Their research has shown them that ex-mineworkers face a particular set of challenges when trying to claim their benefits. On the one hand, their cause seems to be the one given the most attention by government – yet nothing materialises from it.

Many are poor and injured today. Mineworkers described their work as slavery enabled by chiefs and the apartheid government.

The migratory nature of minework means they now live far from the mines they worked at and their former colleagues, making it difficult to communicate using their limited resources. The mines kept precise records in workers’ passbooks, but somehow failed to document pension deductions with the same vigour. They navigate a murky bureaucratic maze where the money, influence and information is not in their hands.

This is the context in which Vavi and Casiwe work. Their association is part of a loose network of ex-mineworkers groups around South Africa and they also have ties to the national Unpaid Benefits Campaign. They are hosted by Workers’ World Media Productions at the Isivivana Centre.

The association mainly engages with government, as they have found the government to be more open than private companies. In the association’s experience, government officials tend to acknowledge that the money is there waiting for them.

However, Vavi says that every time officials change after an election their story vanishes and they have to begin correspondence from the very beginning. They are sent from one official to the next in a maze of documents and permissions.

They are often met with patronising dismissals from officials who are meant to help them. Casiwe says: “Everywhere we go to claim they ask: ‘Yhu tata, what are you going to do with so lot of money?’ All they are offering you is R5,000, which is too little. They think you are blind because you have no school.”

They have both found that this apathy extends to the top tiers of government. They have repeatedly engaged with parliamentary committees, the department of labour, the department of mineral resources and the department of health. They are sent from one to the other, constantly, with very few answers to show for it.

They fear that the money will soon be looted before they can access it.

“They are busy eating that money. You can see all those people in government are on the list of corrupt people… their sons and daughters are driving with big cars,” says Casiwe. “How can you hear that Zuma’s son is a billionaire? How old is that laaitie? When did he work? Where did he work? They are using the money.”
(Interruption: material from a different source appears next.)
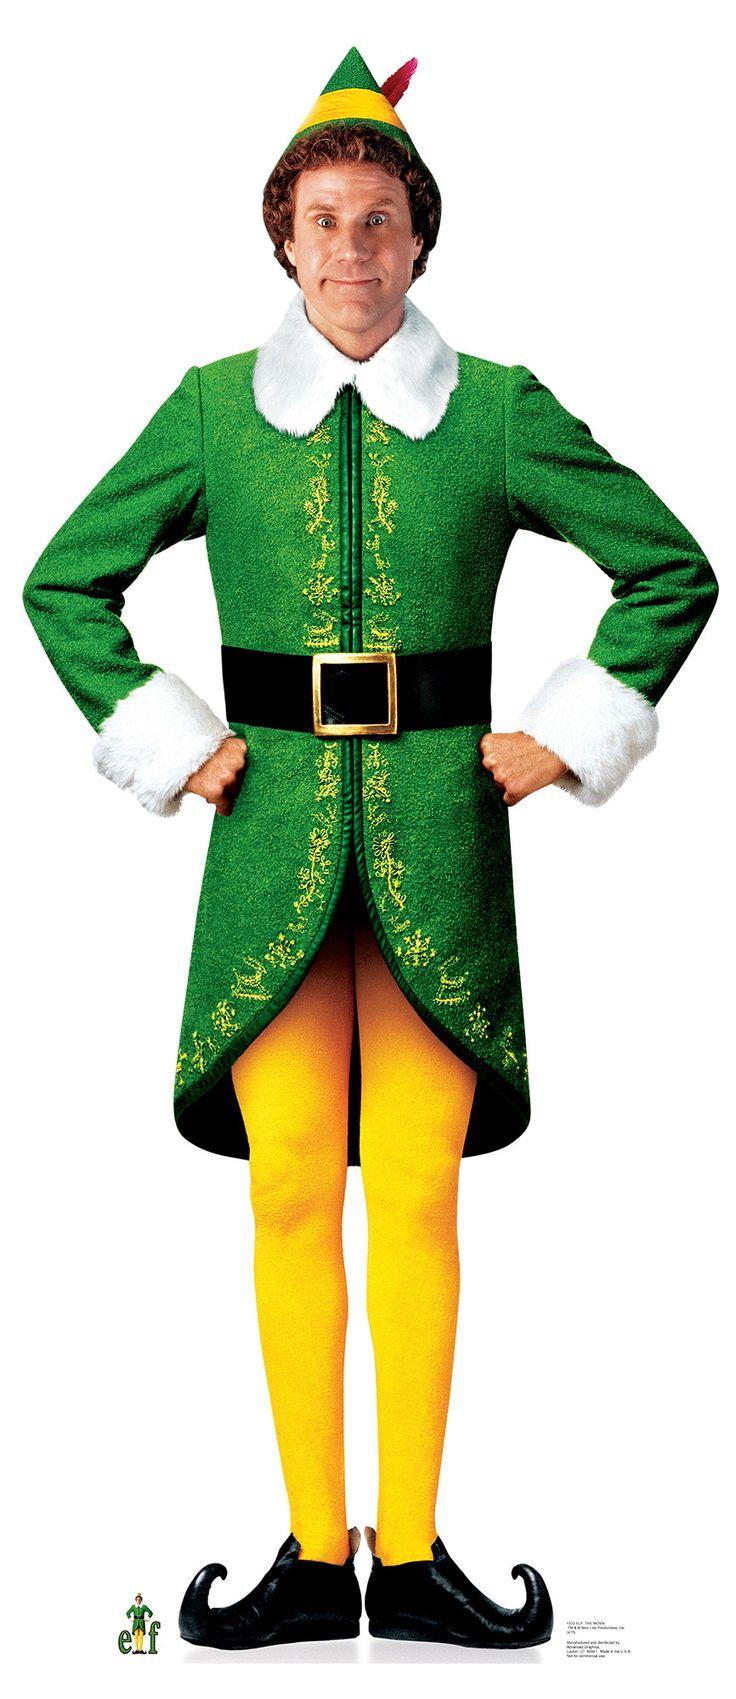 Advanced Graphics Elf Movie Elf Cardboard Stand Up Buddy The Elf Costume Elf Movie Buddy The Elf

Vavi adds: “Our biggest problem in South Africa is that the political people are blind people. They took us as black and turned us to look at the whites and told us the whites oppress us. But if you can check the South Africa now, the ANC is oppressing the people better than white people.

“We don’t say white people don’t oppress, but ANC is more than them because they say they rule this land up until Jesus come back. Why do they say that, if they hold the people’s money and don’t care about governing this country? They hold the money. The ANC are spread now in pieces and they don’t care as long as they know all the money is in their hands.”

They say they feel abandoned by the trade unions they paid membership fees to all their lives and the lawyers who have tried to dupe them into giving them a slice of their benefits once they receive them.

“We are like a small baby. We have got nothing and no one. No one even thinks that they can and should give us food… This morning I couldn’t even afford a cup of coffee, but I must sit here until 12pm with diabetes. Things like that effect your body and you still have to fight and stress. We are always stressing for our money and it’s not right,” says Casiwe.

They both feel that if they got their pension they could use it to finally return to the Eastern Cape where they would live in peace.

“It’s not nice to sit in a location like us here in Khayelitsha because day and night people are dying in front of you. They shoot each other. When you are old, you need peace. I can go home [to the Eastern Cape] and buy goats and sheep and look after my things if I can get my money. Then I know I can leave this house here for my children. When we were young it was still nice in Cape Town, but not any more,” says Casiwe.

Their migration might yet come to an end. MC.